Em toda a tabela, os salários mais altos estão na casa dos R$ 17,5 mil, remuneração de gerentes industriais e de Tecnologia da Informação.
De novo, são valores médios. Logo, é claro que tem gente ganhando mais que isso em muitas empresas. São, entretanto, os pontos altos, não definem a regra. Há advogados que ganham mais de milhão por mês, por exemplo, defendendo os ?melhores? bandidos nacionais. Mas um advogado sênior, ?normal?, digamos assim, numa boa empresa, ganha em média R$ 10 mil por mês.
Quando os servidores públicos, especialmente aqueles das carreiras mais bem remuneradas, reivindicam aumentos, costumam se comparar com estrelas do setor privado.
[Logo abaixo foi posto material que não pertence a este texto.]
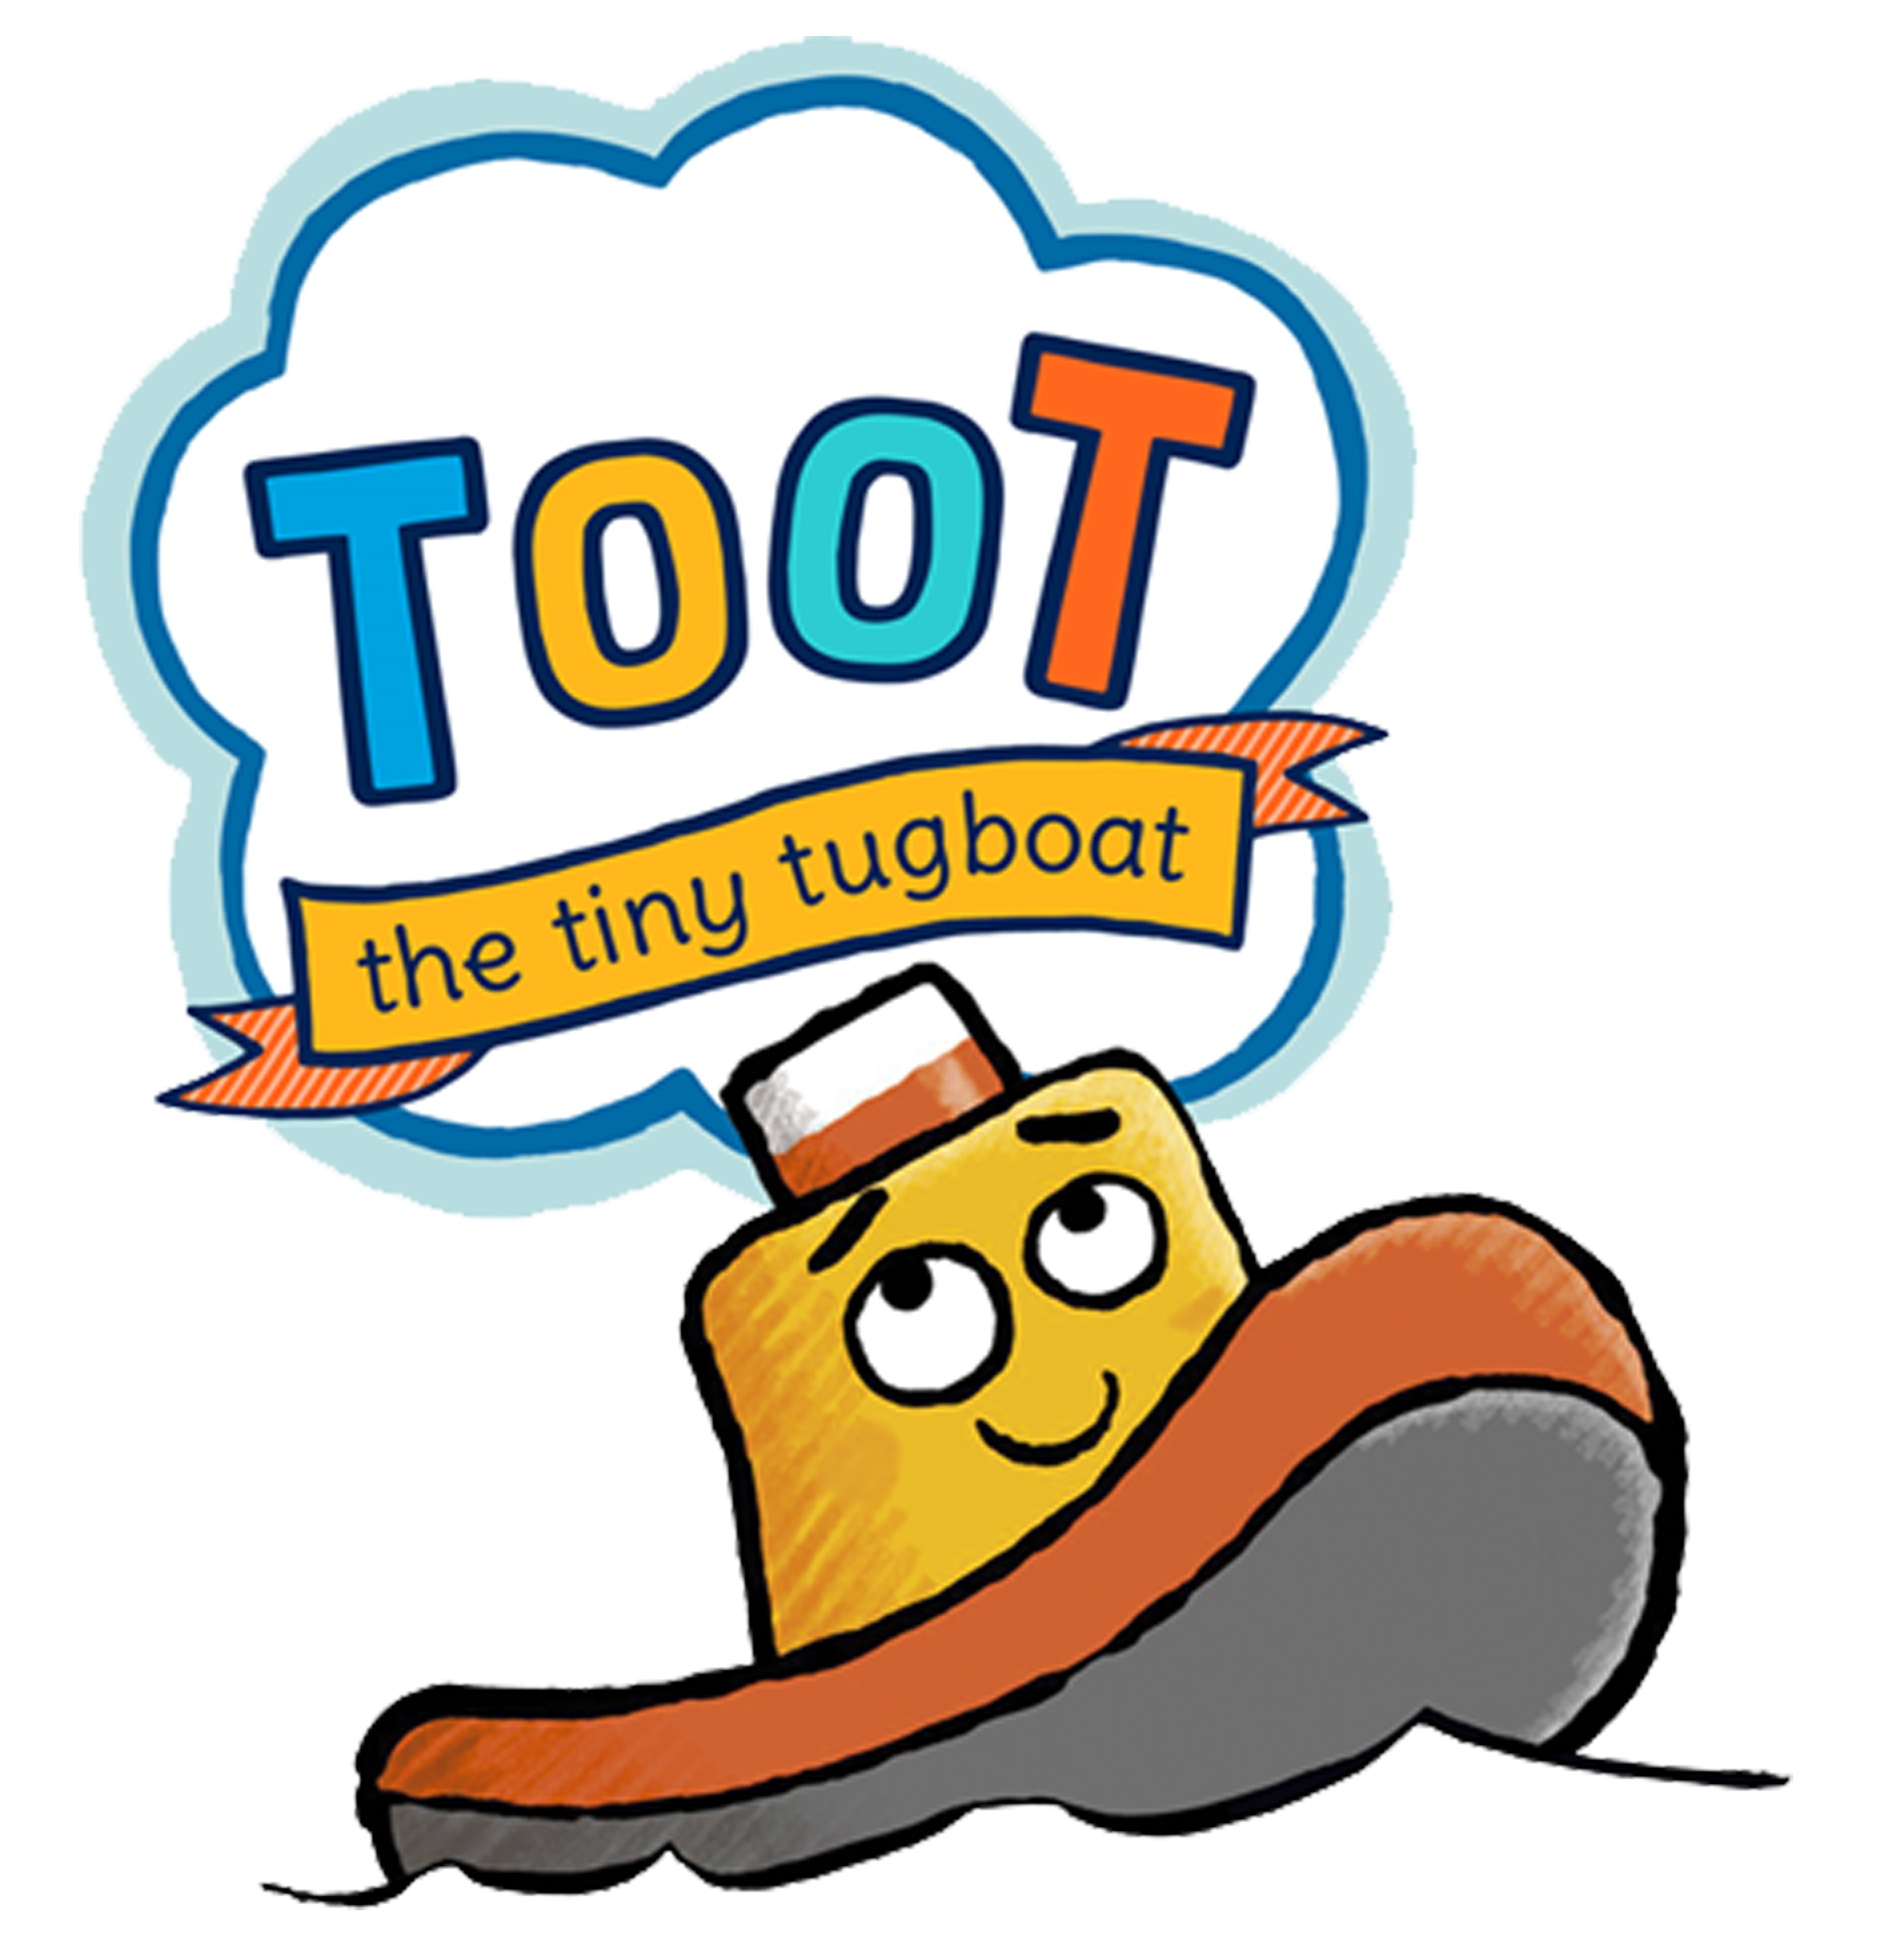 Toot the Tiny Tugboat Next Episode Air Date & Count

Não faz sentido.
Resumindo, o setor público paga bem. Um consultor legislativo, de novo no Senado, começa ganhando R$ 23 mil, com plena estabilidade. Não arranja isso no setor privado, a menos que seja um fora de série.
Alguns dirão: é o setor privado que paga mal.
Errado: os salários são definidos pela capacidade, formação, pelo desempenho, entrega de resultados e pela oferta e demanda de mão de obra. E sempre considerando custos e margens. A empresa paga o que pode pagar, considerando o que vende e o que fatura.
(Aliás, neste momento, salários estão em alta no Brasil justamente porque a taxa de desemprego está em baixa histórica).
Já no setor público, os salários são definidos pela capacidade política de influência. Quanto mais perto dos gabinetes de Brasília, maior o salário.
Na mesma ocasião em que o Senado oferecia R$ 13 mil para seus seguranças, a prefeitura do Rio abria vagas para professor de matemática e espanhol. Salário: R$ 3,4 mil.